Aug 18, 2014

Mob with no agenda on road to nowhere – Opinion – Hobart Mercury

HISTORY shows that Tasmanians are always prepared to give a new government the benefit of the doubt. But people lose patience when they see any government overstress politics ahead of policy, particularly if it puts at risk funding for basic services, such as millions of dollars of Commonwealth road funding to Tasmanian councils.

Perhaps this is why the Abbott Government’s honeymoon period has been shorter than a Scott Morrison speech on human rights.

Tony Abbott came to power with a plan to win government but no plan to actually govern. His policy agenda went no further than dismantling the gains of the previous Rudd and Gillard governments. Because it lacked its own policy reform plans, the Government has been defined by either its ideological prejudices or crude political manoeuvring.

A stunning example of the folly of this approach is the way Infrastructure Minister Warren Truss has mishandled the $2.1 billion Roads to Recovery scheme, under which the Commonwealth provides grants to councils for spending on local roads.

Mr Truss’s incompetence has thrown the program, which delivers Tasmania a share of $350 million a year, into limbo – all because of needless politicking.

As a result, councils face the prospect of not receiving grants or having them delayed, putting their own budgets in doubt.

It is to the Coalition’s credit that it introduced the popular scheme during the Howard era. The previous Labor government in 2013 increased funding for Roads to Recovery for the following four years.

Technical legislation to continue the awarding of the grants was expected by June 30 this year. This should have been straight forward.

Given the bipartisan support for the scheme, all Mr Truss needed to do was amend existing legislation to allow the scheme to continue beyond June 30.

He would have had Labor’s backing as a matter of course. But it was at this point Mr Truss fell into the trap of putting politics ahead of basic administration.

In February, Mr Truss sought to politicise the issue by rolling Roads to Recovery into a broader piece of legislation called the Land Transport Amendment Bill.

This Bill’s prime purpose seemed to be to expunge the term “Nation Building” from government programs and avoid any accountability in infrastructure investment decisions by the Abbott Government.

Mr Truss then led a campaign by Coalition MPs in rural and regional electorates to shower their local media outlets with the claim that Labor was trying to kill off Roads to Recovery because it wanted to amend his Land Transport Infrastructure Act.

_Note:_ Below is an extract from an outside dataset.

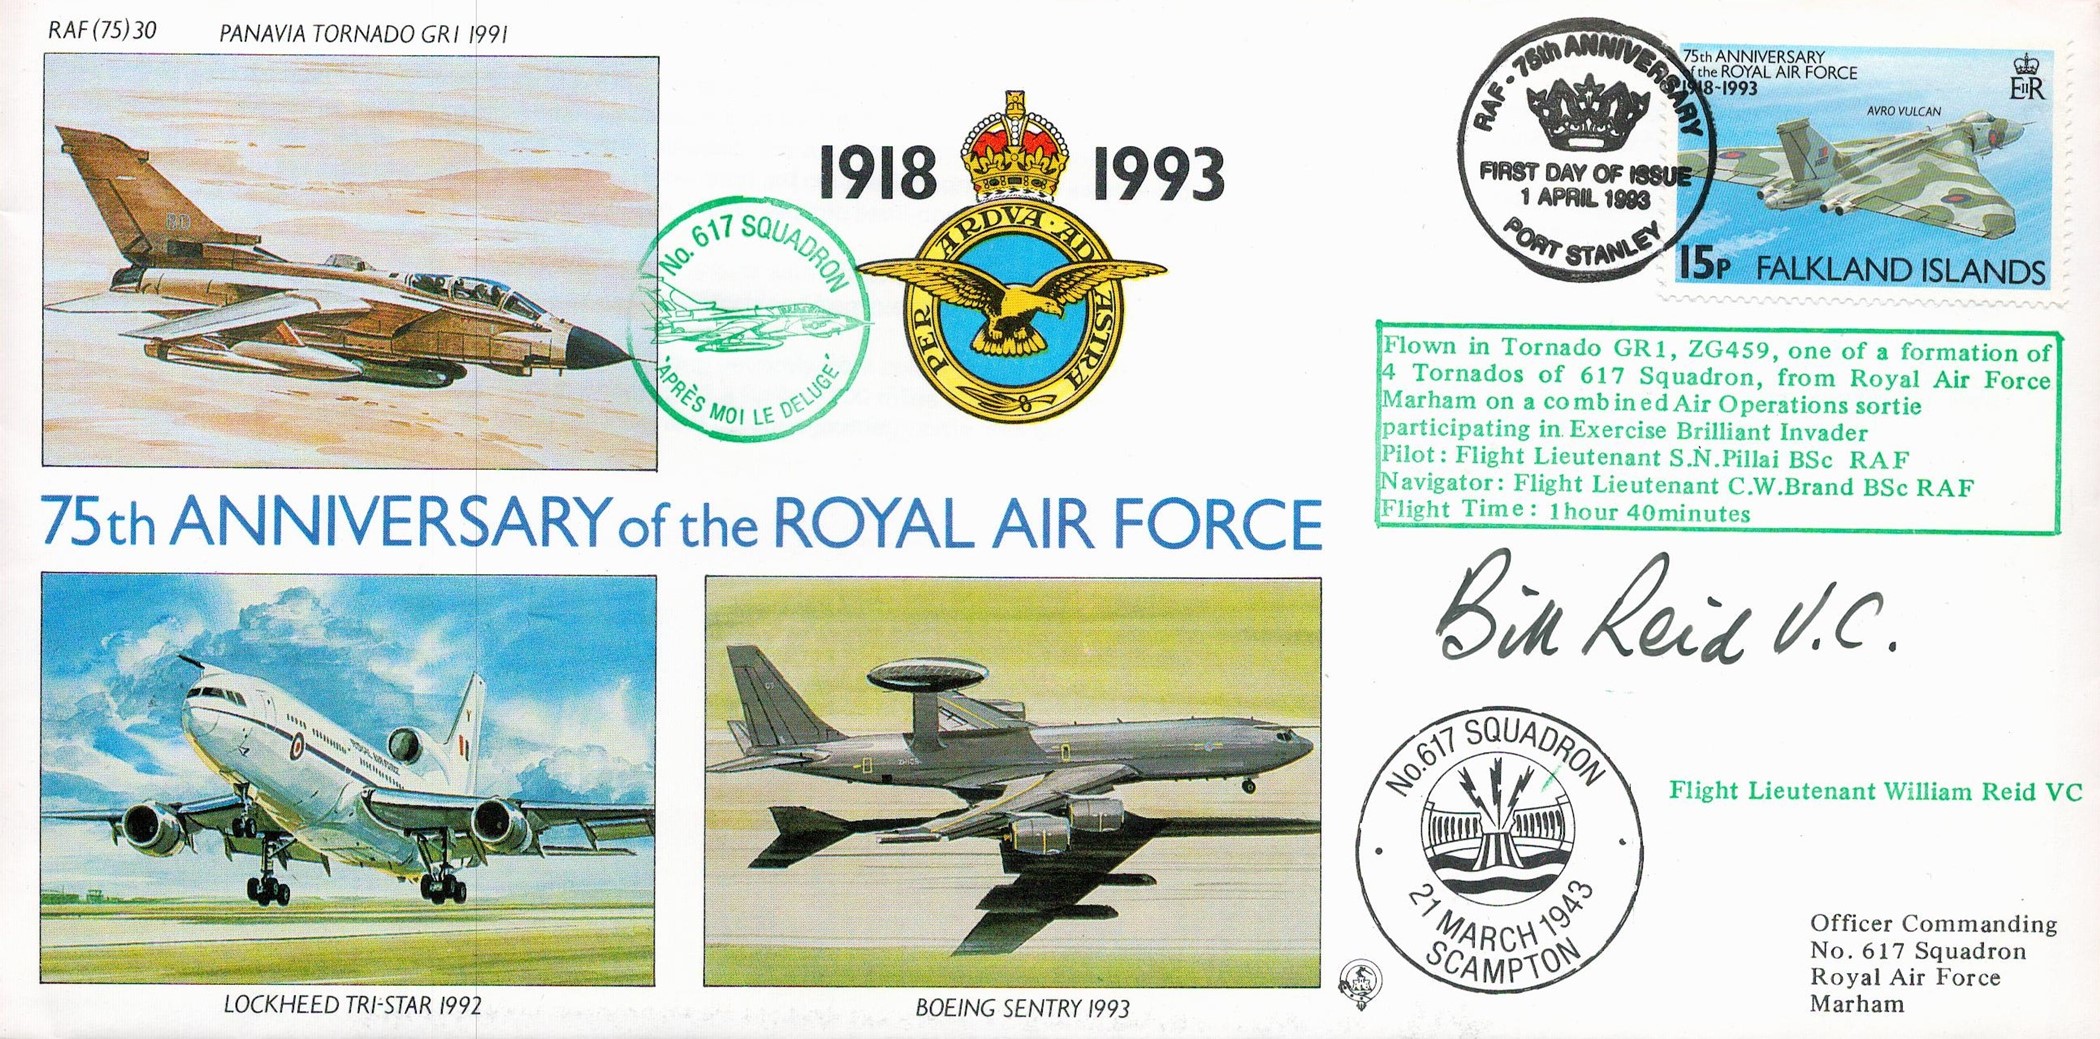 Bill Reid VC Handsigned 75th Anniversary of the Royal Air Force FDC. RAF(75)30. Flown in Tornado

All Labor was attempting to do was amend the legislation to hold the Coalition to its election commitments on transparency in major infrastructure investments.

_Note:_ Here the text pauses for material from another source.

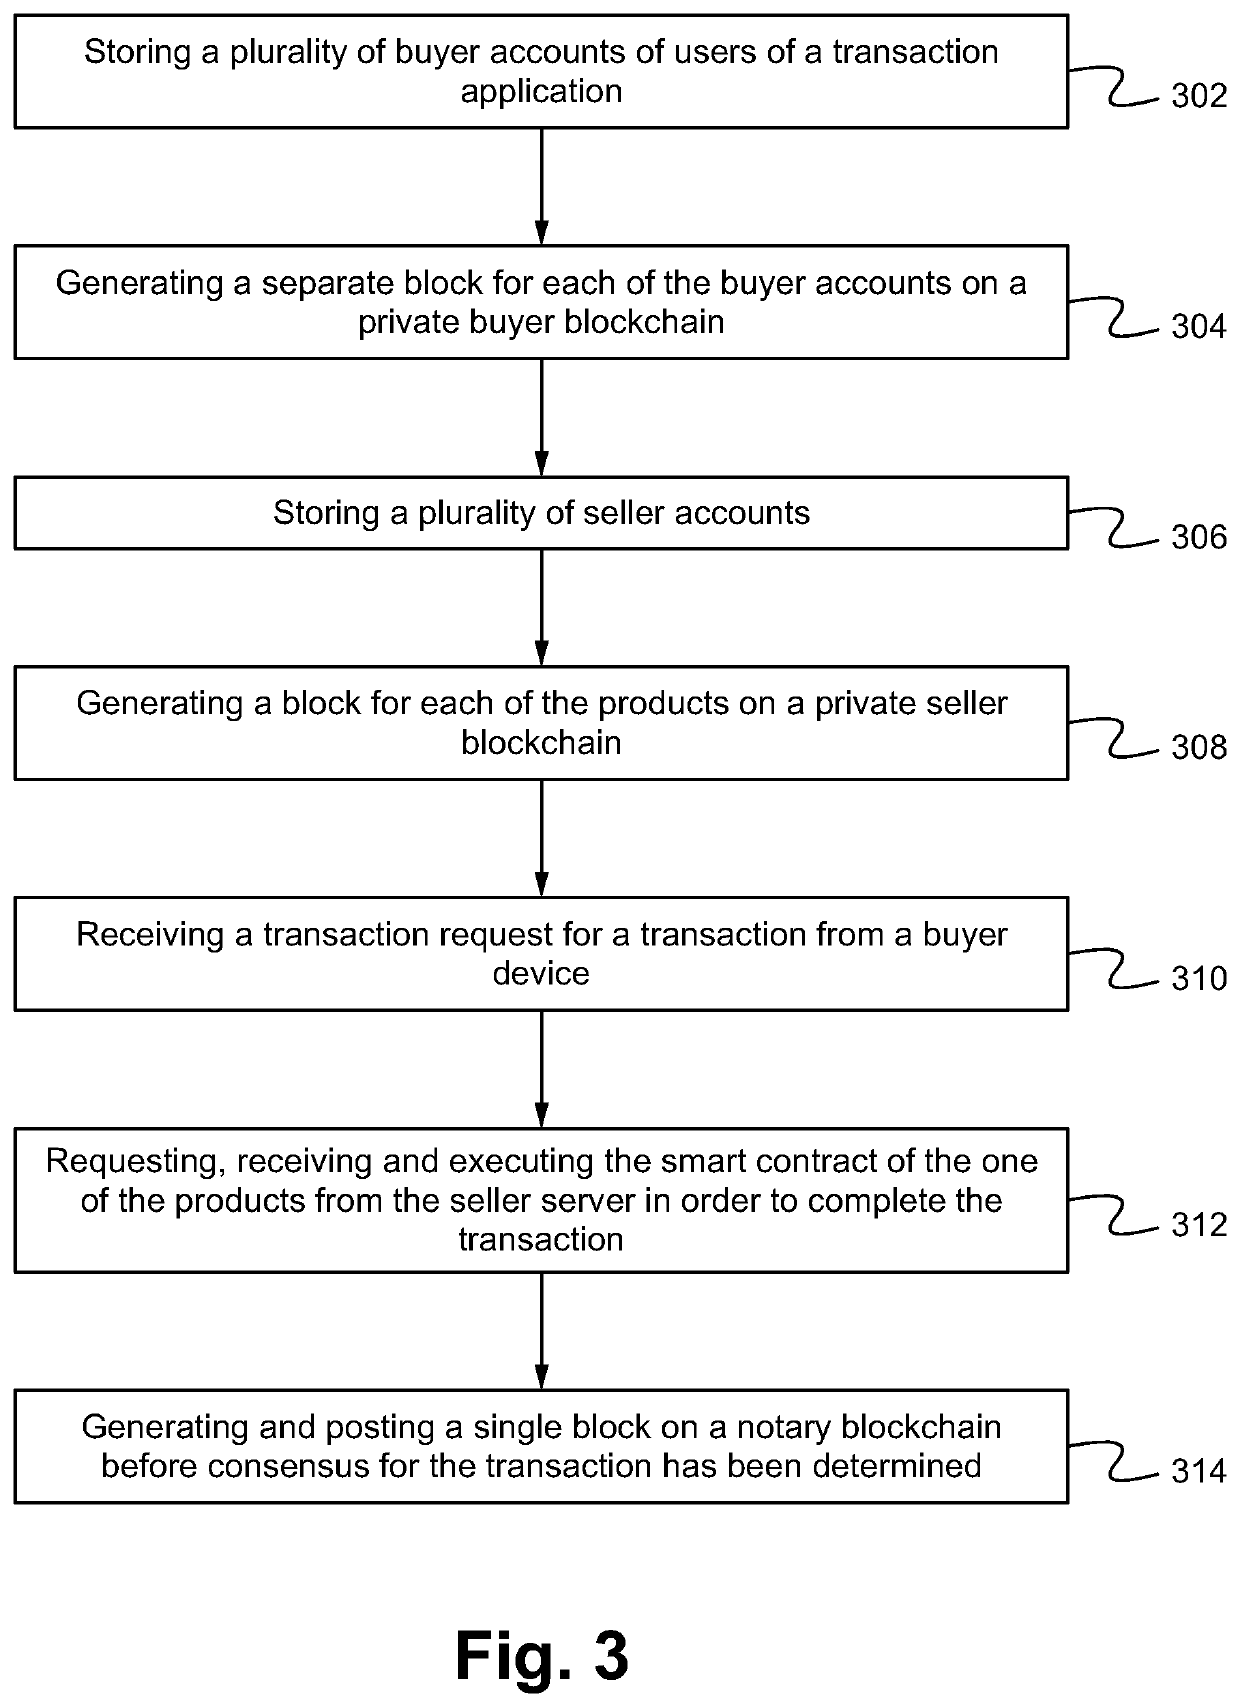 Novel blockchain architecture, system, method and device for automated cybersecurity and data privacy law compliance with proprietary off-chain storage mechanism

Mr Truss was being too clever by half. His whole tactical focus was on attempting to create a rhetorical stick with which to beat Labor in rural and regional Australia.

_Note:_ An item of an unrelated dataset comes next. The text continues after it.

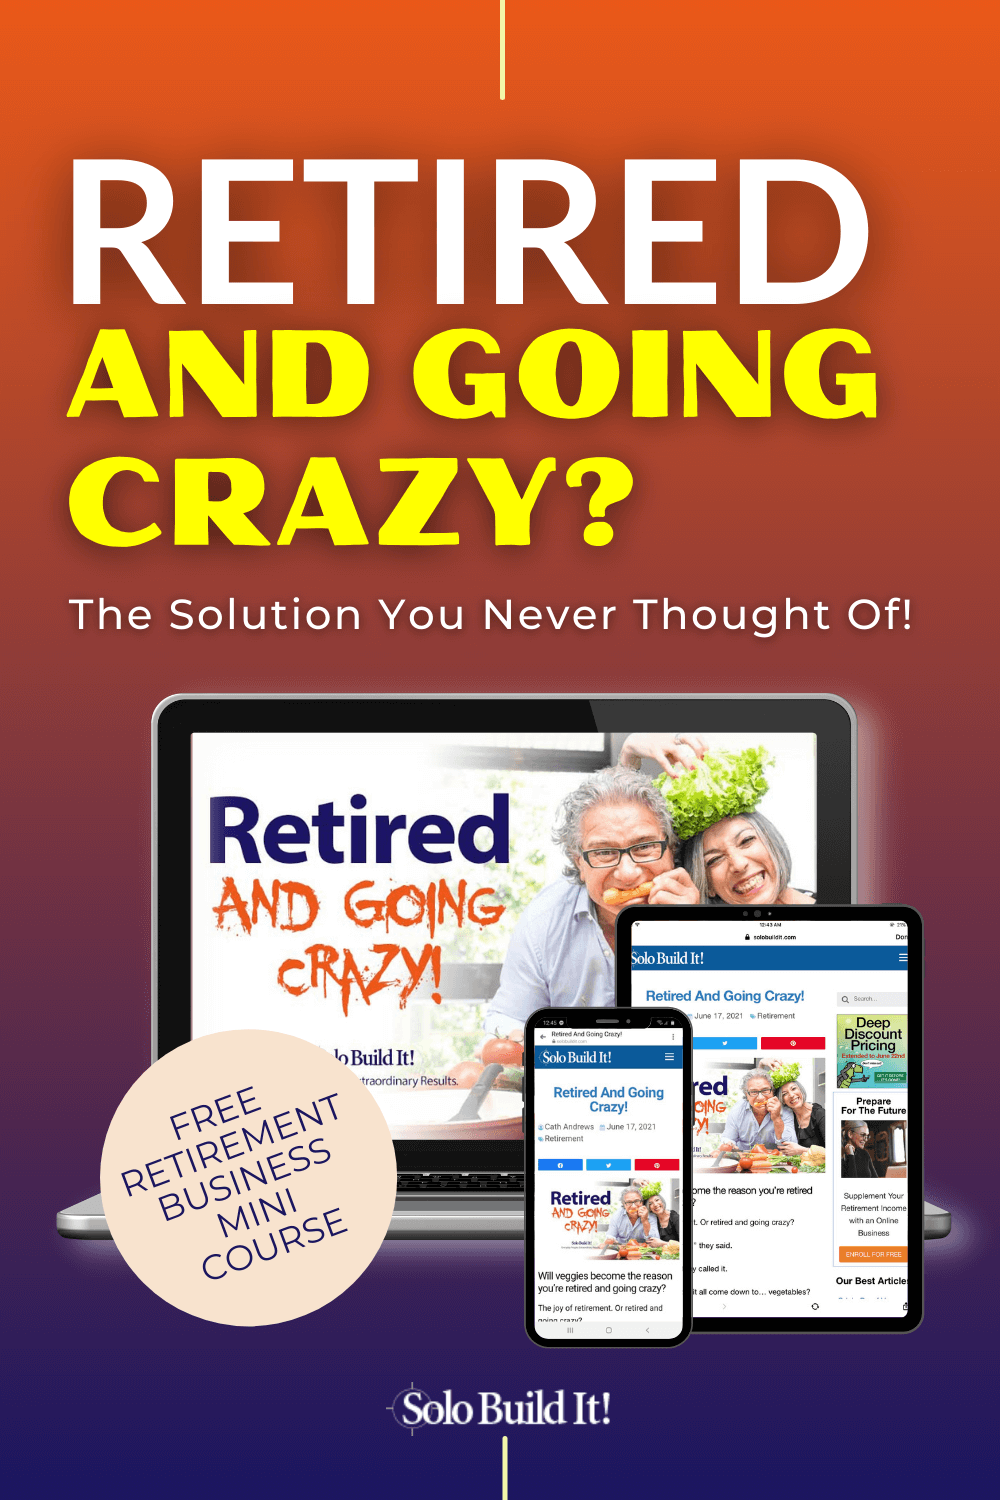 Retired And Going Crazy! Find New Purpose and Thrive

He should have been addressing the practicality of whether Roads to Recovery would continue.

In the process, he needlessly frightened councils across Tasmania.

Mr Truss’s tactics highlight the way in which politicking can get in the way of the actual business of government.

The irony is that despite all of the scaremongering, Mr Truss failed to actually submit his Land Transport Amendment Bill to the Senate ahead of the June 30 deadline, even though it passed the House of Representatives five months ago. Nor did the Senate devote a single minute to this legislation when it had the extraordinary two-week additional sitting in July.

Preoccupied with criticising Labor, the Government actually fell asleep at the administrative wheel.

Warren Truss was more interested in the politics than in actually doing his job.

But if Mr Truss does not want to do his job, Labor is happy to help him out.

When Parliament resumes next month, Labor will seek to bring on debate of a Private Member’s Bill I have submitted, which would amend existing legislation to extend Roads to Recovery. I would expect the Government to support the Bill.

The lesson for the Coalition here is that having won the privilege to govern this country, it needs to actually govern.

Anthony Albanese is the Federal Opposition spokesman for Infrastructure, Transport and Tourism.


This piece appeared in the Hobart Mercury today.